Beyond OPA Gatekeeper: Enterprise-scale Admission Control for Kubernetes

9 min read

TLDR

OPA Gatekeeper is the most popular solution for enforcing admission control policies on Kubernetes clusters. It was designed for policy management on a single cluster. Styra DAS (built by the creators of OPA) aims to provide the next step for enterprise companies with centralized policy management over tens or hundreds of clusters and policy use cases beyond Kubernetes. In this post, we explain how Styra DAS differs from OPA Gatekeeper and how our enterprise focus led to different design decisions.

What is OPA Gatekeeper?

Developed by the Open Policy Agent (OPA) community, OPA Gatekeeper is a great option for open source policy management on a single Kubernetes cluster, with features like:

  • Policy enforcement: Gatekeeper can enforce policies that ensure that your cluster is consistently and securely configured.
  • Pre-built policy library: Gatekeeper comes with a library of pre-built constraint templates that you can use out of the box.

An OPA Gatekeeper installation manages policies on Kubernetes using Rego code wrapped in custom Kubernetes resources (called ConstraintTemplates and Constraints).

What is Styra DAS?

Styra Declarative Authorization Service (DAS) is a SaaS policy authoring, management and monitoring platform developed by the creators of OPA. Styra DAS lets platform engineering and cloud infrastructure teams extend OPA policy as code across public cloud configurations, managed or native Kubernetes deployments, infrastructure-as-code tools like Terraform and the interconnected service mesh deployments that control how modern application services communicate. 
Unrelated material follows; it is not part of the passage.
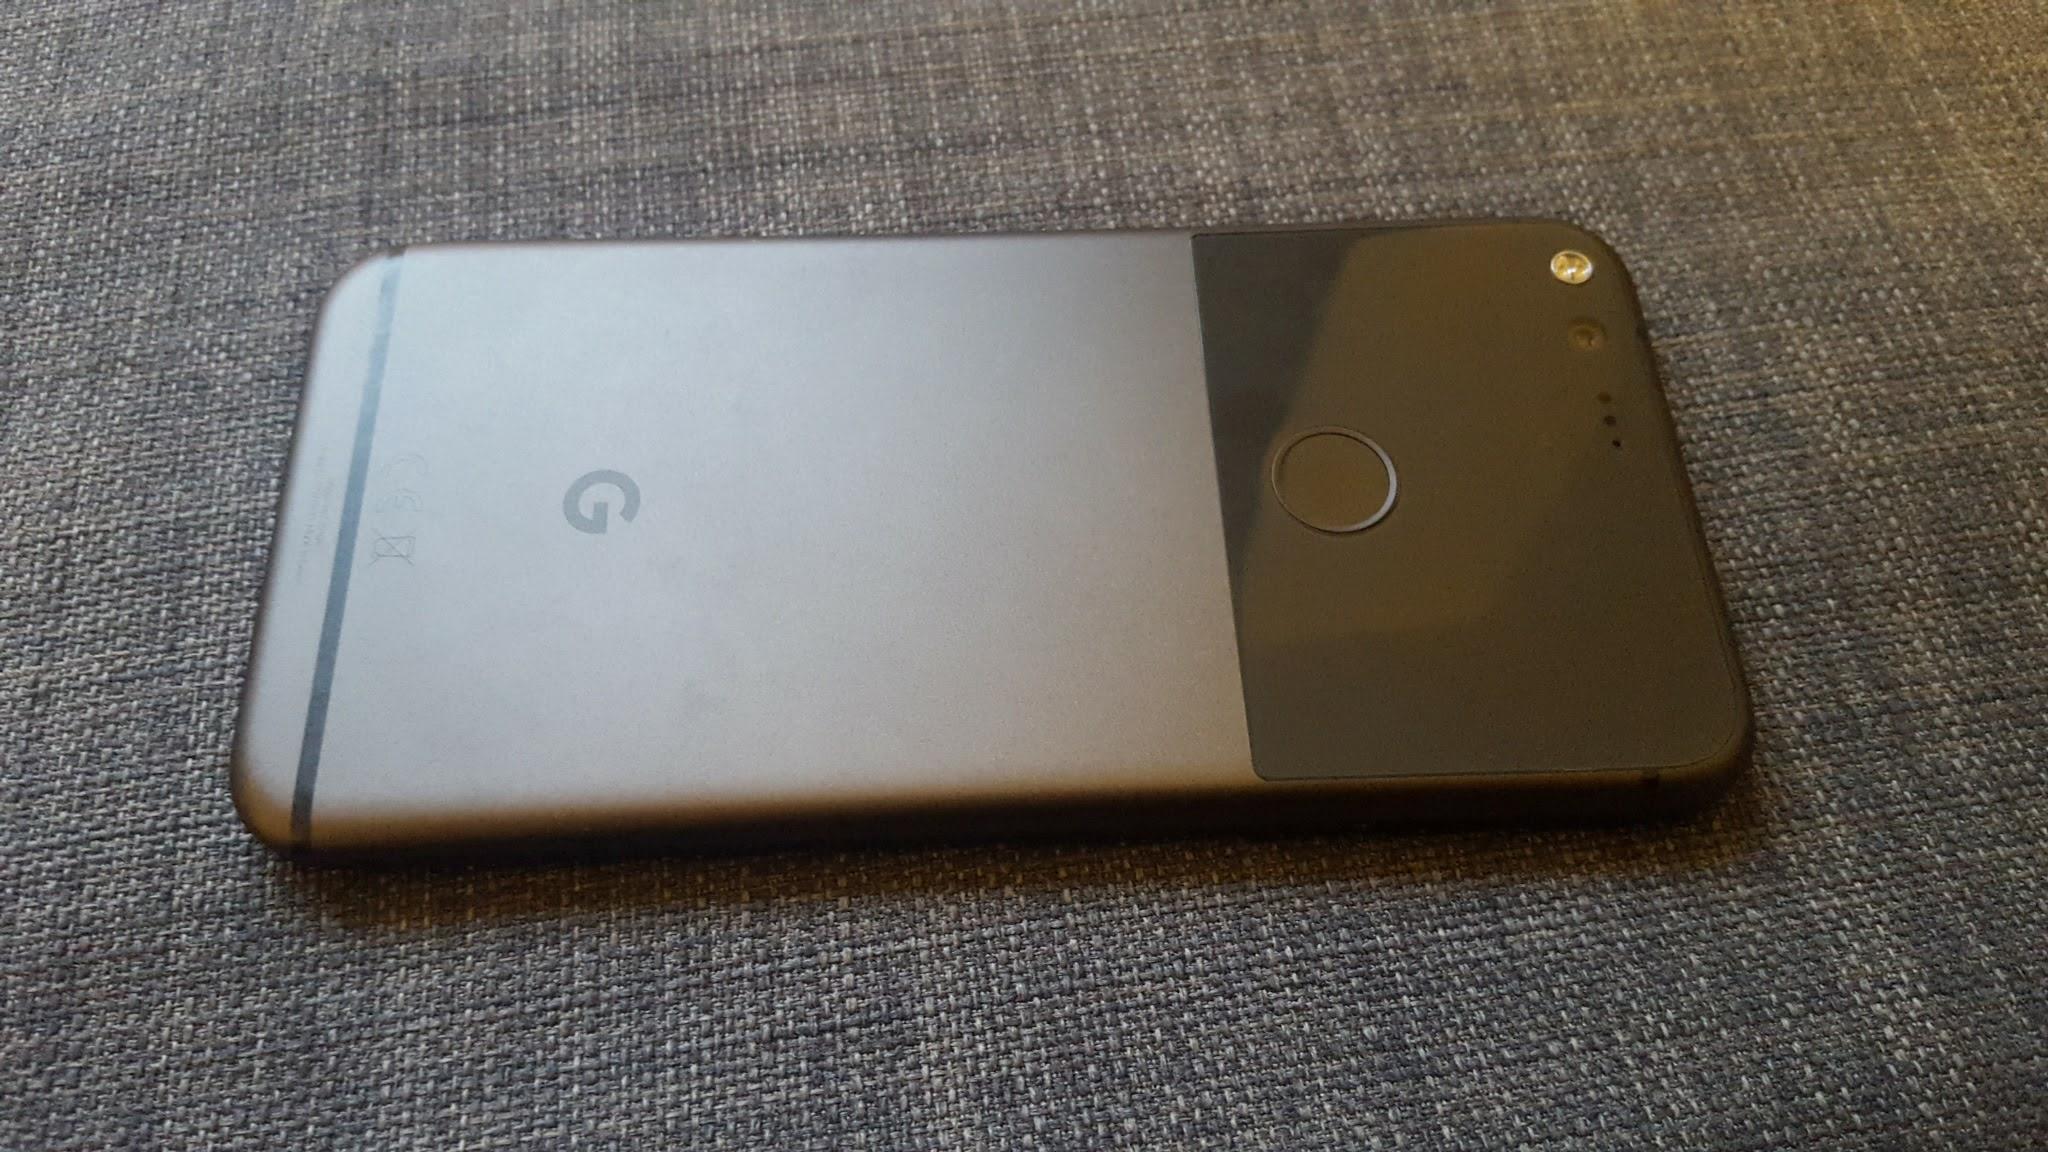 Pixel XL rear

Enterprise scale for Kubernetes

As with other aspects of computing, the requirements for policy management change rapidly with growing complexity and scale. The design of OPA Gatekeeper makes it a great choice for small organizations with a handful of clusters to manage, but it requires more and more custom plumbing to function beyond that scale. We designed Styra DAS to be a single control plane for OPA policies for large organizations. As a comprehensive platform for managing OPA instances, it includes an authoring environment for creating and editing Rego policies, pre-built Policy Packs and policy libraries to help accelerate policy deployment, a monitoring system to ensure that correct policies are deployed to all running OPAs, an easy way to audit decisions and more. One of the key benefits of Styra DAS is its ability to support any number of clusters in which OPA is deployed as an admission controller. This makes it an ideal solution for organizations with large, complex Kubernetes deployments that need to enforce policies (and different sets of policies) across multiple clusters.
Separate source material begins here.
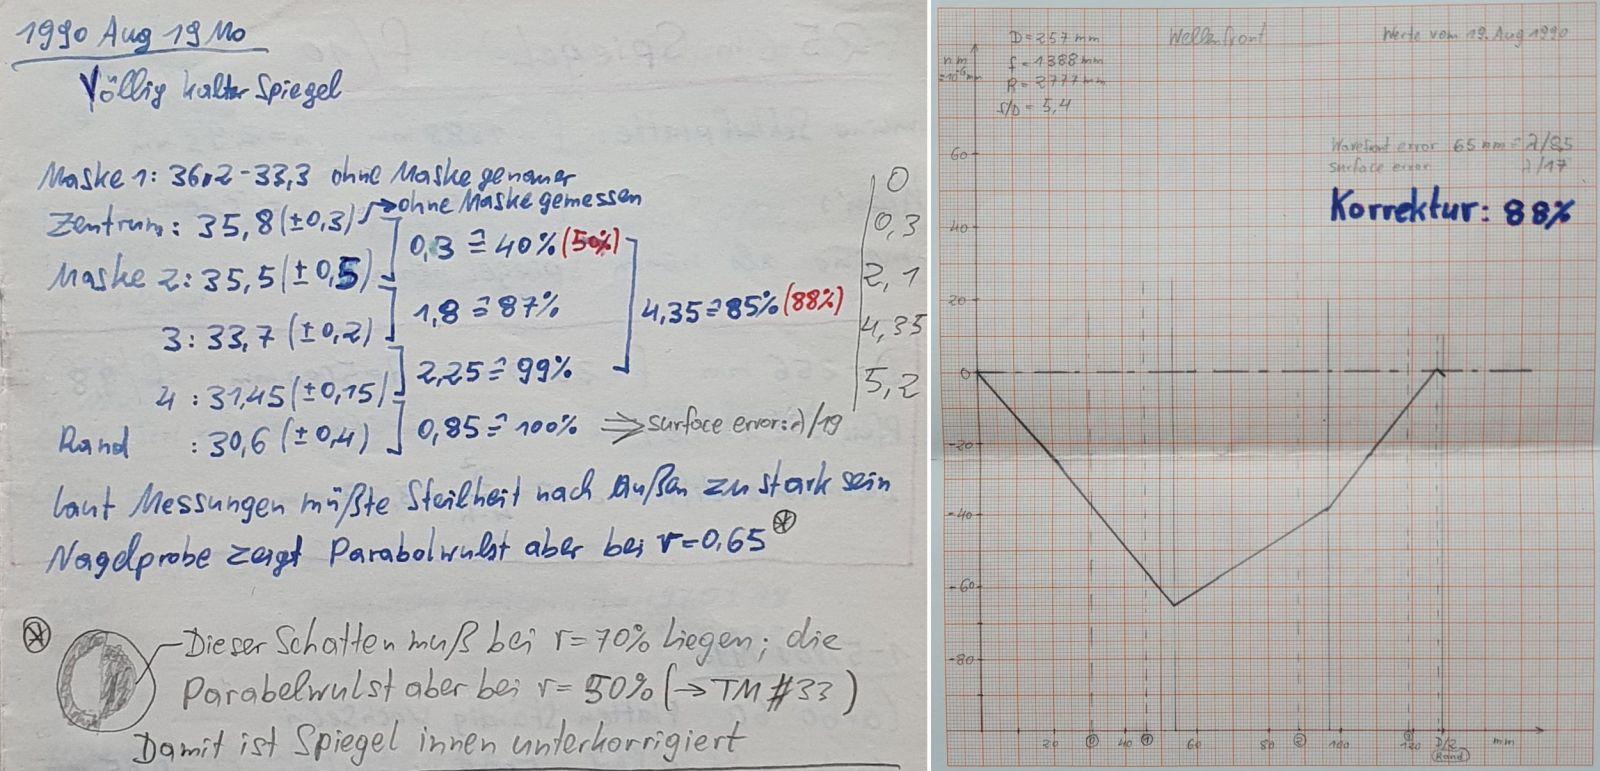 archimedes_25cm_f5.4_protokoll.jpg

A new cluster can be added to Styra DAS by deploying OPA and the Styra Local Plane (SLP) to the cluster using the installation instructions provided by Styra DAS. The SLP is responsible for loading policies from Styra DAS, while OPA itself uses those policies to perform admission control.

Meanwhile, teams use the OPA Bundle API to pull Rego policies from Styra DAS. This method of deploying policies is different from Gatekeeper’s, which relies on Custom Resources to store Constraints and Constraint Templates on the cluster itself. Using the Bundle API makes it much easier to deploy policies from a single source, without needing to access the clusters’ API servers. The architecture below illustrates how OPA and Styra DAS integrate for Kubernetes admission control. To understand how this approach to deploying policy as code works with GitOps, you can read our blog post on the topic.

Multi-cloud support

Often, users and platform teams have questions about how different admission controllers can support different cloud environments. In some cases, OPA Gatekeeper has been given native support within individual cloud providers; for instance Gatekeeper forms the basis of Google Anthos Policy Controller, which includes some dashboard functionality. While this can benefit users leveraging Google Kubernetes Engine (GKE), one drawback of this approach, for users, is that it can create vendor lock-in when Kubernetes deployments often extend beyond one provider. 

The Styra DAS model of managing policies for Kubernetes clusters makes it a natural fit for organizations needing multi-cloud support. Styra DAS is agnostic about what cloud a cluster is hosted on, or whether the clusters are on the same cloud. It pulls all logs and compliance data into a single control plane, providing singular visibility into policies applied across all clusters and cloud providers.

Multi-cluster policy management

Managing admission control policies across a large number of clusters requires a framework that helps handle the differences and similarities between clusters in an elegant way to minimize misconfigurations. 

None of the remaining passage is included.